* EXERCISE PROMPT *
Drop all images. Then write out each line below exactly as given.

* DATA PROVIDED *
+++

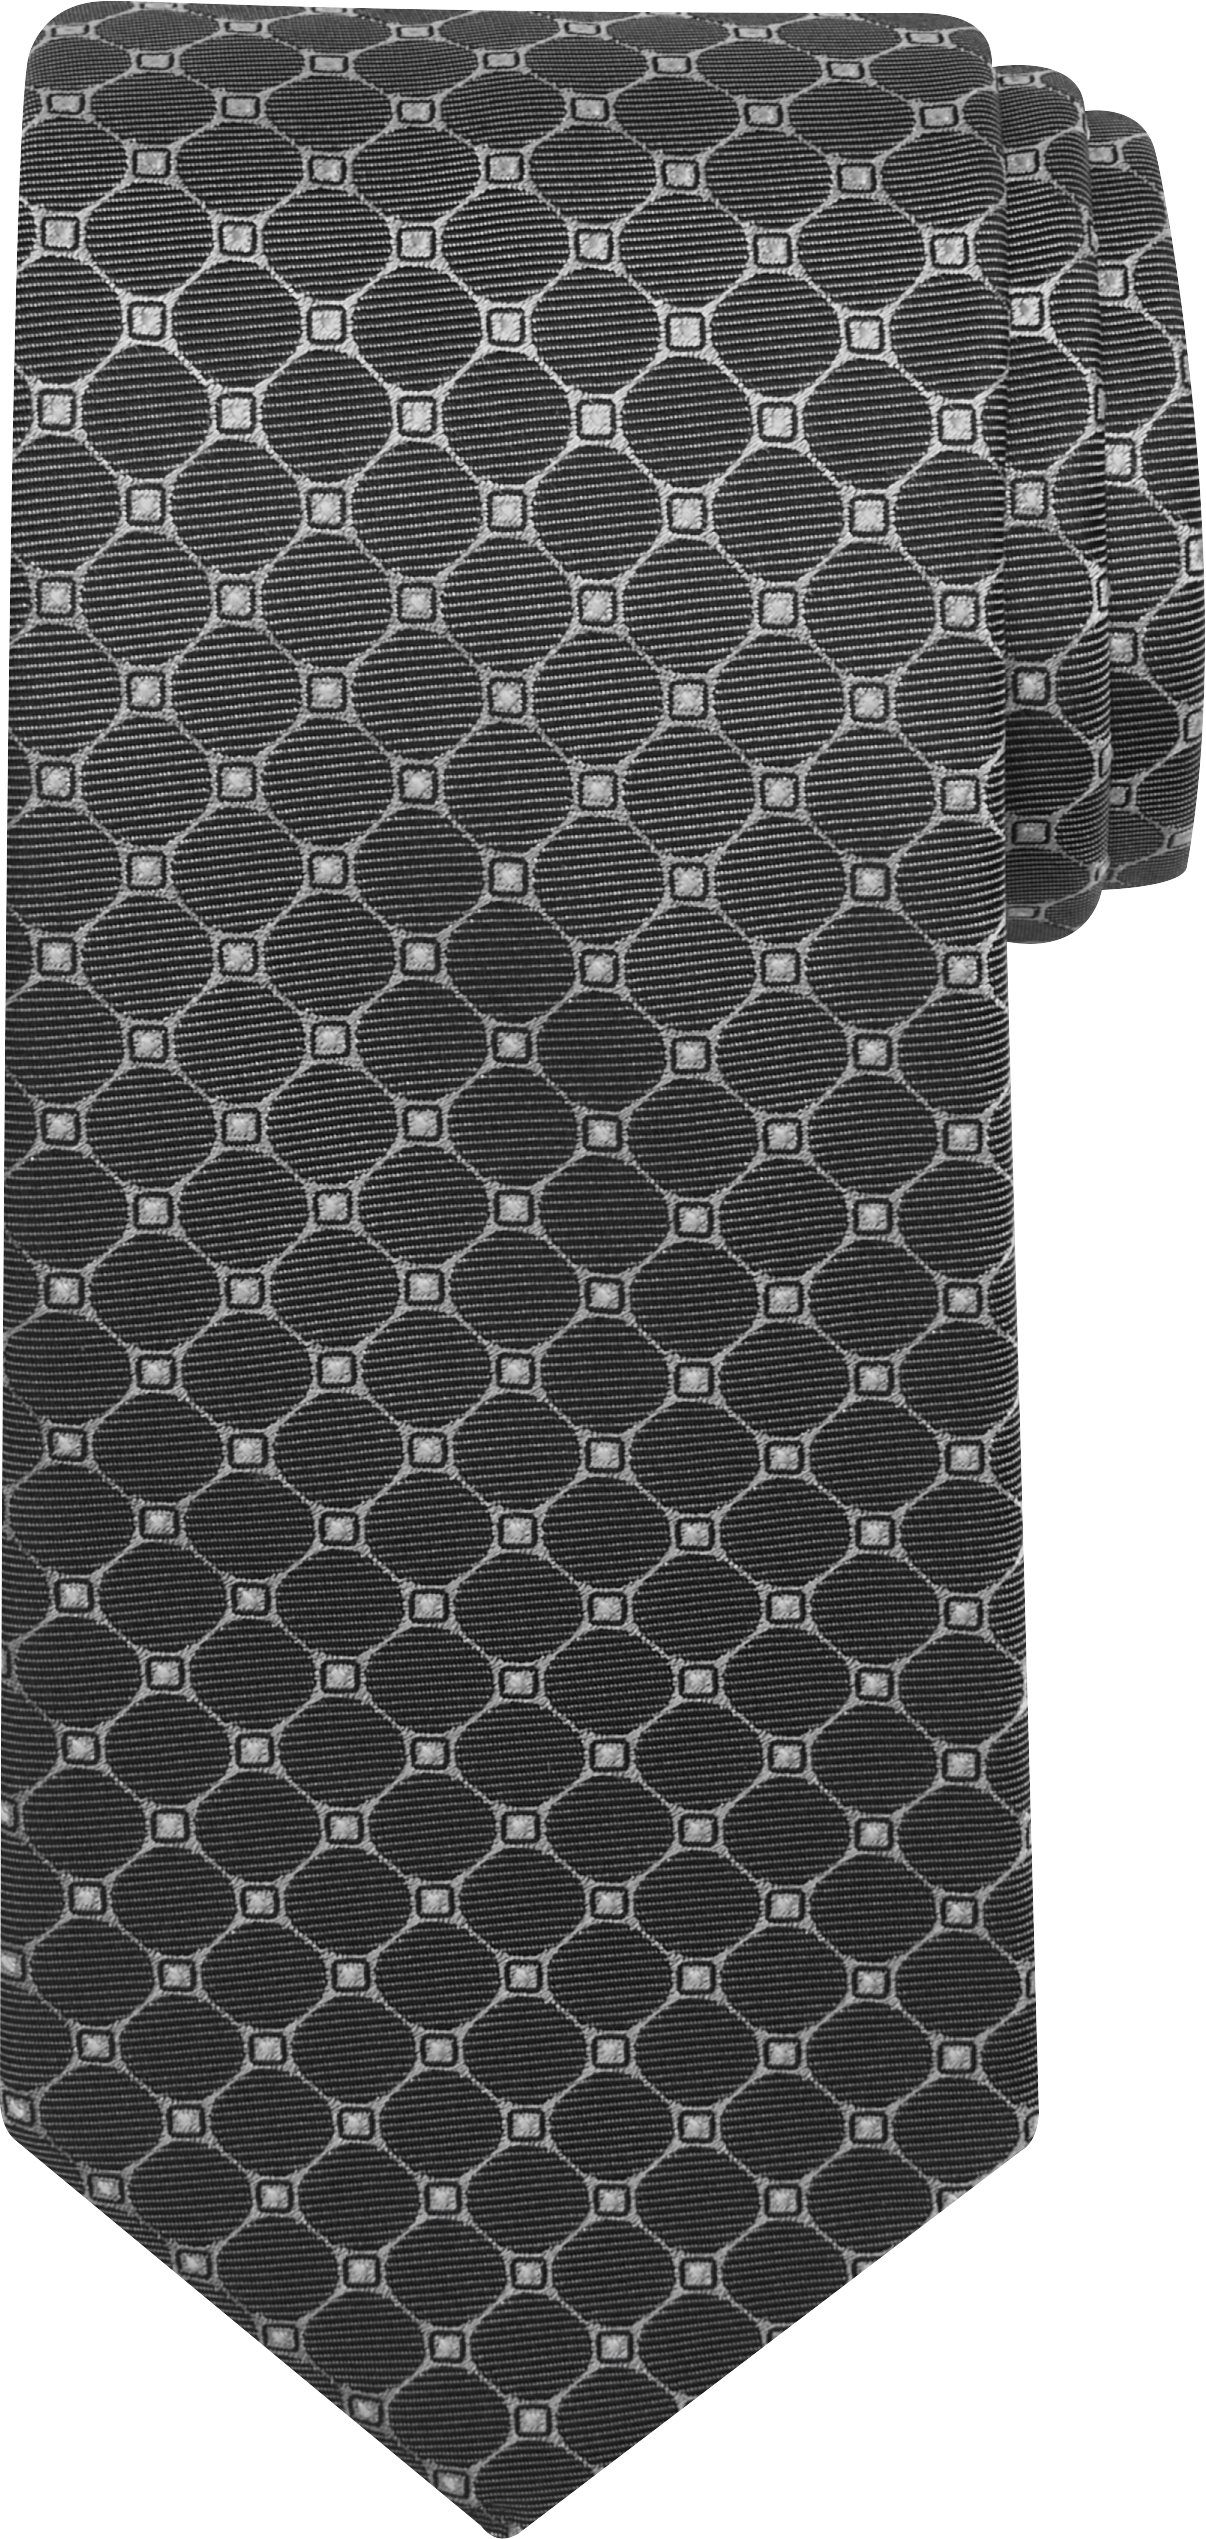 Narrow Diamond Grid Tie
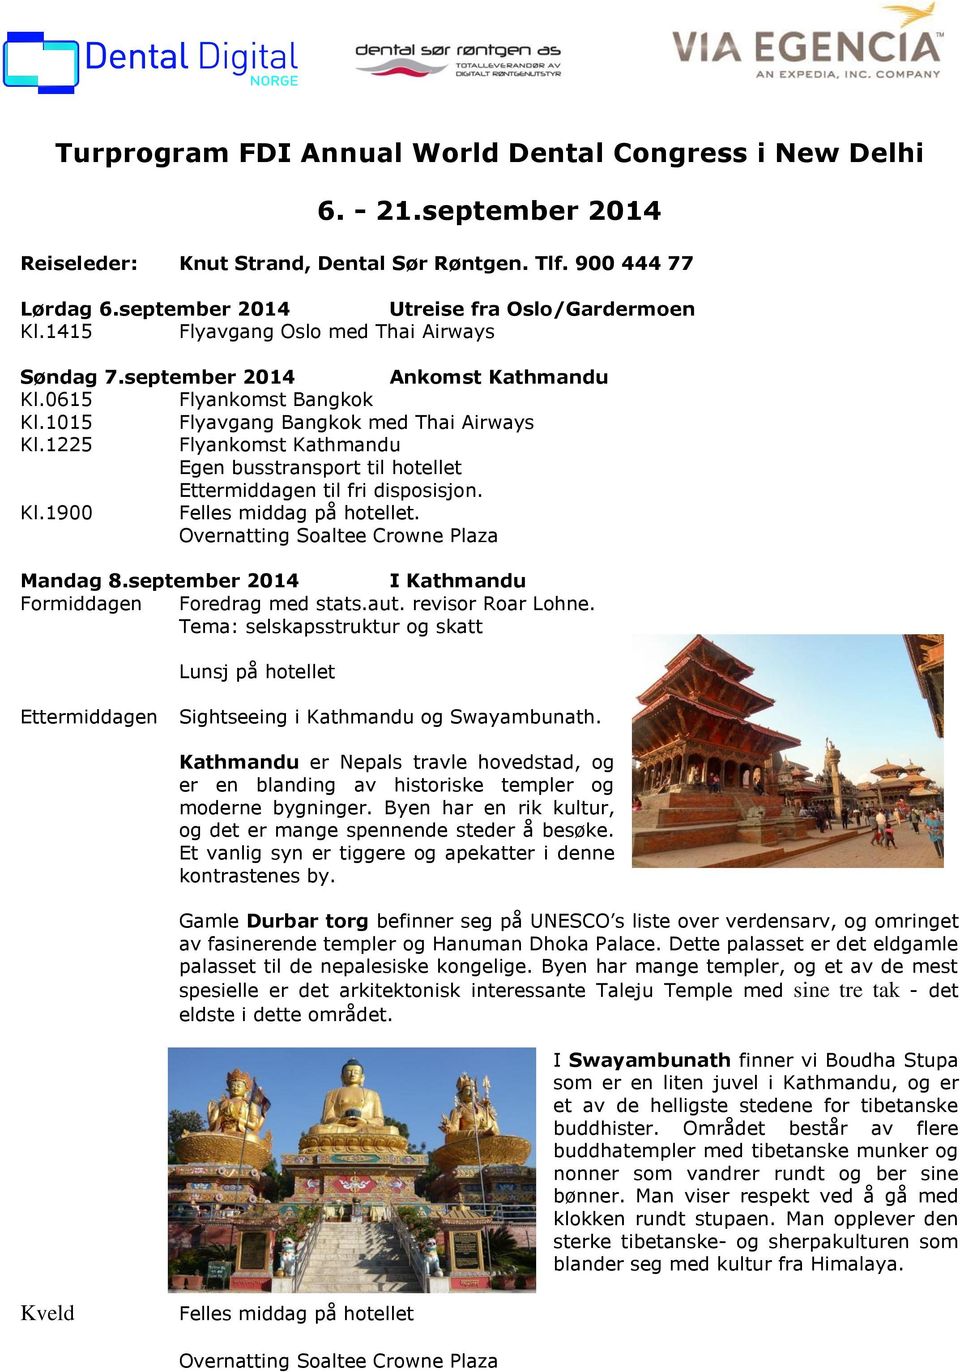 1225 Flyankomst Kathmandu Egen busstransport til hotellet en til fri disposisjon. Kl.1900 Felles middag på hotellet. Mandag 8.september 2014 I Kathmandu Formiddagen Foredrag med stats.aut.
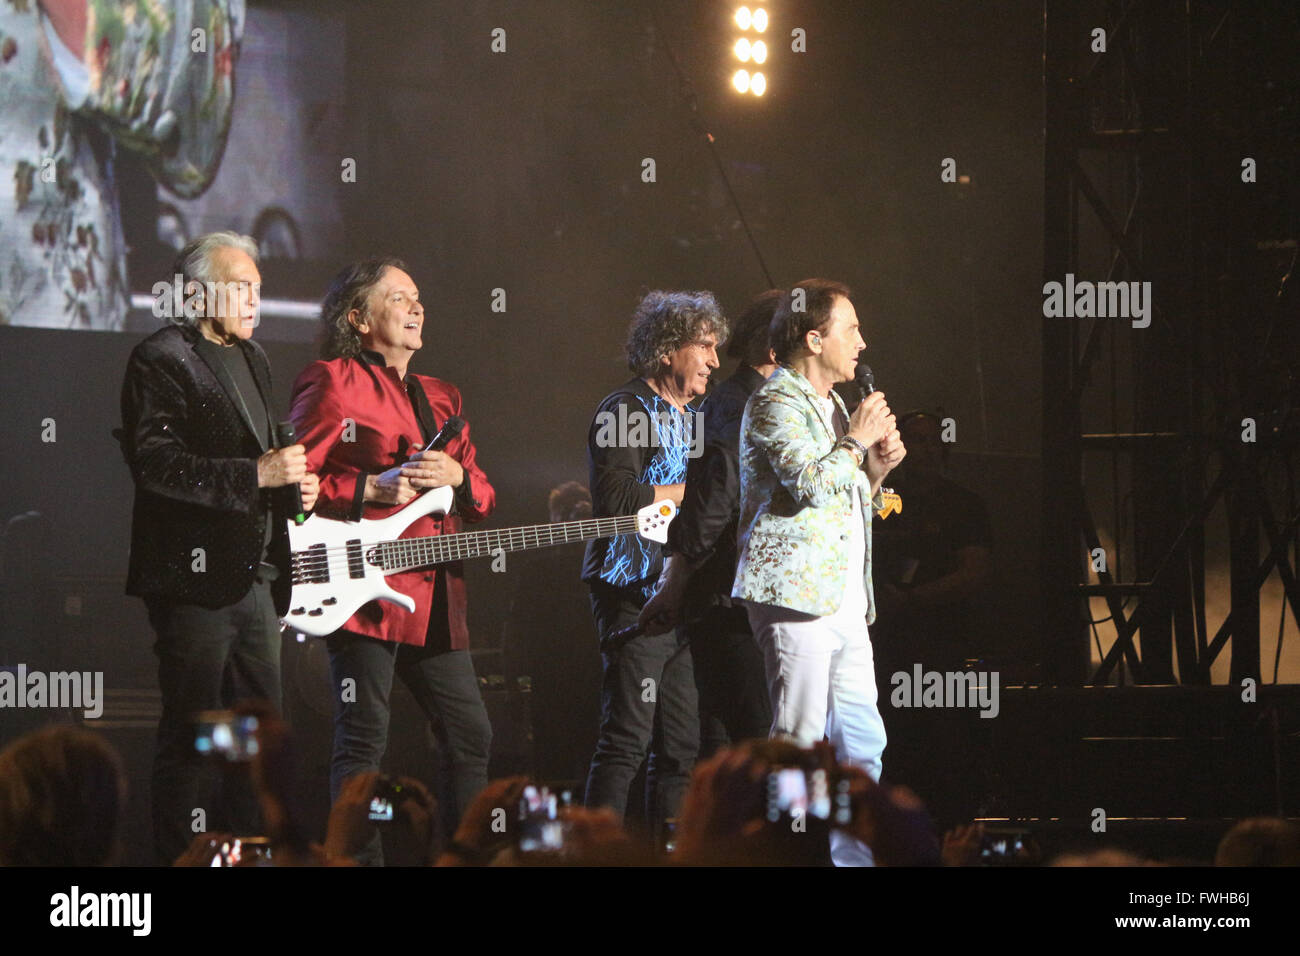 Mailand, Italien. 11. Juni 2016. Italienische Rockband Pooh auf der Bühne in Mailand, Italien. Bildnachweis: Luca Quadrio/Alamy Live-Nachrichten. Stockfoto

+++

* SOLUTION TO THIS EXERCISE *
 Narrow Diamond Grid Tie
 1225 Flyankomst Kathmandu Egen busstransport til hotellet en til fri disposisjon. Kl.1900 Felles middag på hotellet. Mandag 8.september 2014 I Kathmandu Formiddagen Foredrag med stats.aut.
 Mailand, Italien. 11. Juni 2016. Italienische Rockband Pooh auf der Bühne in Mailand, Italien. Bildnachweis: Luca Quadrio/Alamy Live-Nachrichten. Stockfoto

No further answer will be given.